Department of Pharmaceutical Organic Chemistry, Faculty of Pharmacy, Cairo University, Cairo, Egypt.
Department of Biochemistry, Faculty of Pharmacy, Badr University in Cairo (BUC), Badr City, Cairo, Egypt.
Drug Dev Res. 2023 Aug;84(5):937-961. doi: 10.1002/ddr.22064. Epub 2023 Apr 17.

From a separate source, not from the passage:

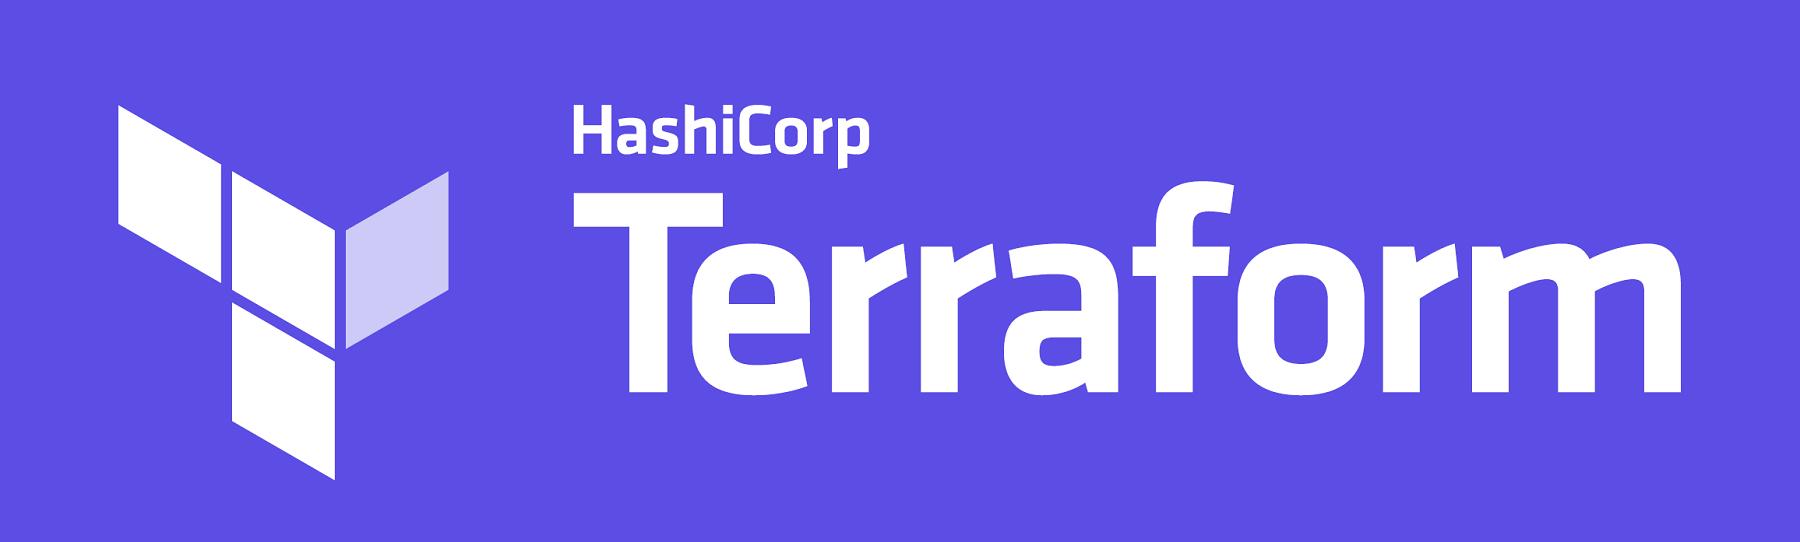 hashicorp-terraform-banner

A series of 12 S-substituted tetrahydrobenzothienopyrimidines were designed and synthesized based on the donepezil scaffold. All the newly synthesized compounds were evaluated for their acetylcholinesterase (AChE) inhibitory activity and the most active compounds were tested for their butyrylcholinesterase (BuChE) inhibitory activity. Moreover, all the synthesized compounds were evaluated for their inhibitory effects against Aβ aggregation and antioxidant activity using the oxygen radical absorbance capacity method. Compounds 4b, 6b, and 8b displayed the most prominent AChE inhibitory action comparable to donepezil. Compound 6b showed the greatest AChE inhibitory action (IC = 0.07 ± 0.003 µM) and the most potent BuChE inhibitory action (IC = 0.059 ± 0.004 µM). Furthermore, the three compounds exhibited significant antioxidant activity. Compounds 6b and 8b exerted more inhibitory action on Aβ aggregation than donepezil. The cytotoxic activity of compounds 4b, 6b, and 8b against the WI-38 cell line in comparison with donepezil was examined using 3-(4,5-dimethylthiazolyl-2)-2,5-diphenyltetrazolium bromide assay. The results revealed that compounds 6b and 8b were less cytotixic than donepezil, while compound 4b showed nonsignificant cytotoxicity compared to donepezil. For more insights about the binding patterns of the most promising compounds (4b, 6b, and 8b) with the AChE at molecular levels; molecular docking and molecular dynamics simulations were performed. The density functional theory calculations and absorption, distribution, metabolism, excretion and toxicity properties were described as well. The results highlighted compound 6b, which incorporates a phenylpiperazine moiety coupled to a thienopyrimidone scaffold via two-atom spacer, to be a promising multifunctional therapeutic agent for the treatment of Alzheimer's disease. It is a potent dual AChE and BuChE inhibitor. Furthermore, it had stronger Aβ aggregation inhibitory action than donepezil. Additionally, compound 6b exerted significant antioxidant activity.
基于多奈哌齐骨架,我们设计并合成了一系列 12 个 S-取代的四氢苯并噻吩并嘧啶类化合物。所有新合成的化合物均进行了乙酰胆碱酯酶(AChE)抑制活性评估,最具活性的化合物还进行了丁酰胆碱酯酶(BuChE)抑制活性测试。此外,所有合成的化合物均通过氧自由基吸收能力法评估了它们对 Aβ 聚集的抑制作用和抗氧化活性。化合物 4b、6b 和 8b 表现出与多奈哌齐相当的最显著的 AChE 抑制作用。化合物 6b 表现出最强的 AChE 抑制作用(IC = 0.07 ± 0.003 µM)和最强的 BuChE 抑制作用(IC = 0.059 ± 0.004 µM)。此外,这三种化合物均表现出显著的抗氧化活性。化合物 6b 和 8b 对 Aβ 聚集的抑制作用强于多奈哌齐。通过 3-(4,5-二甲基噻唑基-2)-2,5-二苯基四氮唑溴盐测定法,比较了化合物 4b、6b 和 8b 对 WI-38 细胞系的细胞毒性与多奈哌齐的作用。结果表明,化合物 6b 和 8b 比多奈哌齐的细胞毒性小,而化合物 4b 与多奈哌齐相比无显著细胞毒性。为了更深入地了解最有前途的化合物(4b、6b 和 8b)与 AChE 在分子水平上的结合模式,进行了分子对接和分子动力学模拟。此外,还描述了密度泛函理论计算和吸收、分布、代谢、排泄和毒性特性。结果突出了化合物 6b,它将一个苯哌嗪部分与噻吩并嘧啶酮骨架通过两个原子间隔物连接起来,是一种有前途的多功能治疗阿尔茨海默病的药物。它是一种有效的双重 AChE 和 BuChE 抑制剂。此外,它对 Aβ 聚集的抑制作用强于多奈哌齐。此外,化合物 6b 表现出显著的抗氧化活性。